University Children's Hospital Zurich and Children's Research Centre, Zurich, Switzerland.
Department of Pediatrics, Faculty of Life Sciences, Kumamoto University, Kumamoto, Japan.
J Inherit Metab Dis. 2024 Nov;47(6):1144-1156. doi: 10.1002/jimd.12722. Epub 2024 Mar 19.
Citrin deficiency is an autosomal recessive disorder caused by a defect of citrin resulting from mutations in SLC25A13. The clinical manifestation is very variable and comprises three types: neonatal intrahepatic cholestasis caused by citrin deficiency (NICCD: OMIM 605814), post-NICCD including failure to thrive and dyslipidemia caused by citrin deficiency, and adult-onset type II citrullinemia (CTLN2: OMIM 603471). Frequently, NICCD can run with a mild clinical course and manifestations may resolve in the post-NICCD. However, a subset of patients may develop CTLN2 when they become more than 18 years old, and this condition is potentially life-threatening. Since a combination of diet with low-carbohydrate and high-fat content supplemented with medium-chain triglycerides is expected to ameliorate most manifestations and to prevent the progression to CTLN2, early detection and intervention are important and may improve long-term outcome in patients. Moreover, infusion of high sugar solution and/or glycerol may be life-threatening in patients with citrin deficiency, particularly CTLN2. The disease is highly prevalent in East Asian countries but is more and more recognized as a global entity. Since newborn screening for citrin deficiency has only been introduced in a few countries, the diagnosis still mainly relies on clinical suspicion followed by genetic testing or selective metabolic screening. This paper aims at describing (1) the different stages of the disease focusing on clinical aspects; (2) the current published clinical situation in East Asia, Europe, and North America; (3) current efforts in increasing awareness by establishing management guidelines and patient registries, hereby illustrating the ongoing development of a global network for this rare disease.

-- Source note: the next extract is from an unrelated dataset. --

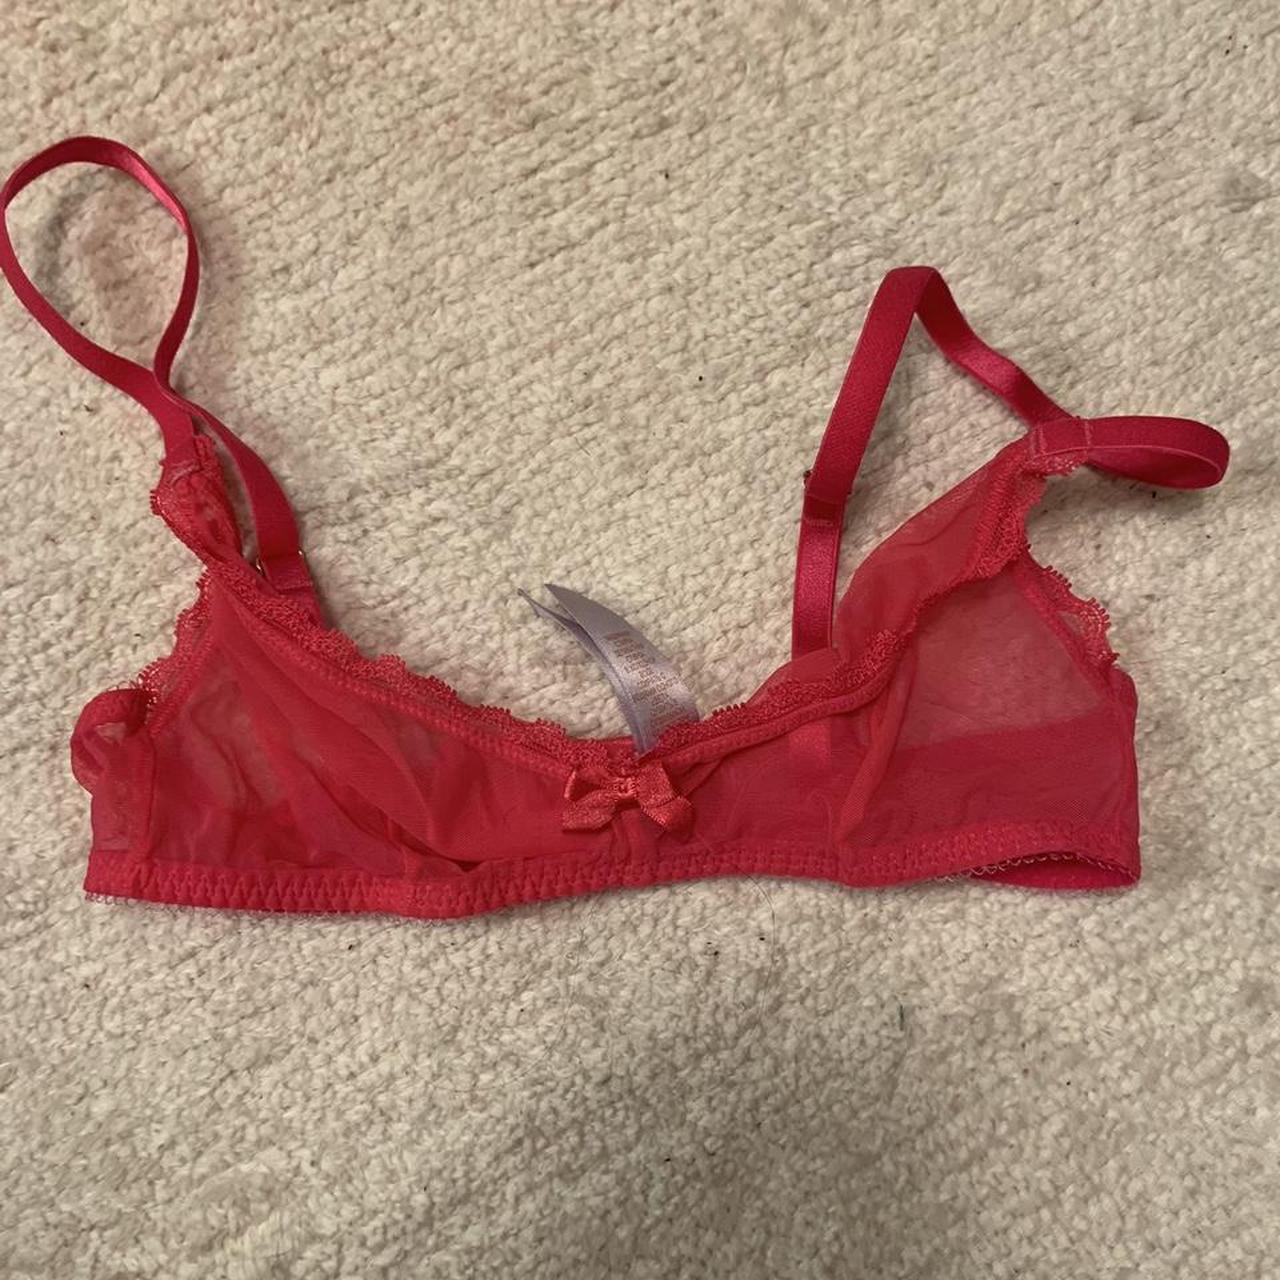 Hot pink lace bralette from savage x fenty. Fits a - Depop

Citrin 缺乏症是一种常染色体隐性遗传病,由 SLC25A13 基因突变导致 citrin 缺陷引起。临床表现非常多样,包括三种类型:由 citrin 缺乏引起的新生儿肝内胆汁淤积症(NICCD:OMIM 605814)、NICCD 后包括生长不良和脂代谢异常的 citrin 缺乏症、以及成年起病型 II 型瓜氨酸血症(CTLN2:OMIM 603471)。通常,NICCD 可呈轻度临床病程,临床表现可能在 NICCD 后缓解。然而,一部分患者在超过 18 岁时可能会发展为 CTLN2,这种情况可能有生命危险。由于低碳水化合物和高脂肪含量的饮食结合补充中链甘油三酯有望改善大多数临床表现并防止进展为 CTLN2,因此早期发现和干预非常重要,可能会改善患者的长期预后。此外,输注高糖溶液和/或甘油可能对 citrin 缺乏症患者,特别是 CTLN2 患者有生命危险。这种疾病在东亚国家非常普遍,但越来越被认为是一种全球性疾病。由于 citrin 缺乏症的新生儿筛查仅在少数几个国家开展,因此诊断仍然主要依赖于临床怀疑,然后进行基因检测或选择性代谢筛查。本文旨在描述(1)疾病的不同阶段,重点是临床方面;(2)东亚、欧洲和北美的当前已发表临床情况;(3)通过建立管理指南和患者登记册来提高认识的当前努力,由此说明正在为这种罕见疾病建立一个全球性网络。